The lagrangean here is

$$\Lambda = U(x, z_1,...,z_n) + \lambda[M-x-p(z_1,...,z_n)]$$ and the f.o.c's are

$$\partial U / \partial x = \lambda$$

$$\partial U / \partial z_i = \lambda \partial p / \partial z_i, \;\;\; \forall i$$

So

$$\partial p / \partial z_i = \frac {\partial U / \partial z_i}{\partial U / \partial x}$$

Note that we have differentiated the price also, since again, this is not "the market price faced by the consumer" but his/her willingness-to-pay.

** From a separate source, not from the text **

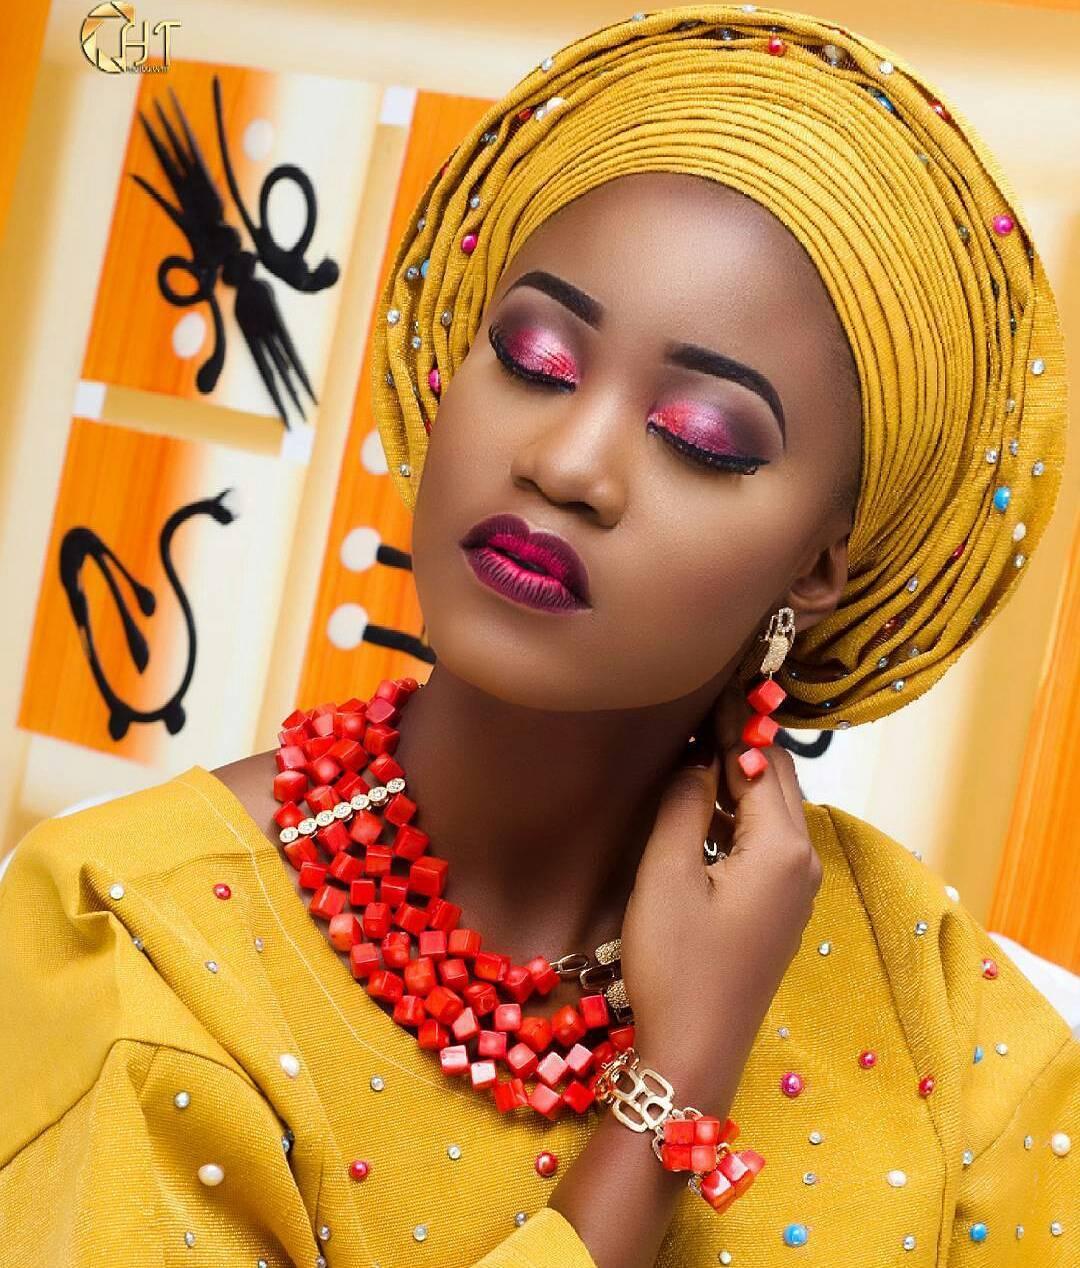 Imagecredit Www Fashionpolice Com Kamdora

The hedonic-price econometric estimation is based on actual transactions, and so on data related to prices that consumers have actually agreed to pay. So the specification

$$p = f(z_1,...,z_n, e)$$

estimates $$\partial p / \partial z_i$$ (and/or their binary-characteristic analogues), which is seen to be the ratio of the marginal utility of the characteristic scaled by the marginal utility of income.

If one assumes quasi-linear preferences of the form

$$U = v( z_1,...,z_n) +x$$

then $\lambda =1$ and so the marginal utility of the characteristic is the same as the marginal monetary willingness-to-pay for that characteristic.

On the basis of these remarks, I think you can conclude whether the econometric specification is a "reduced form" or not.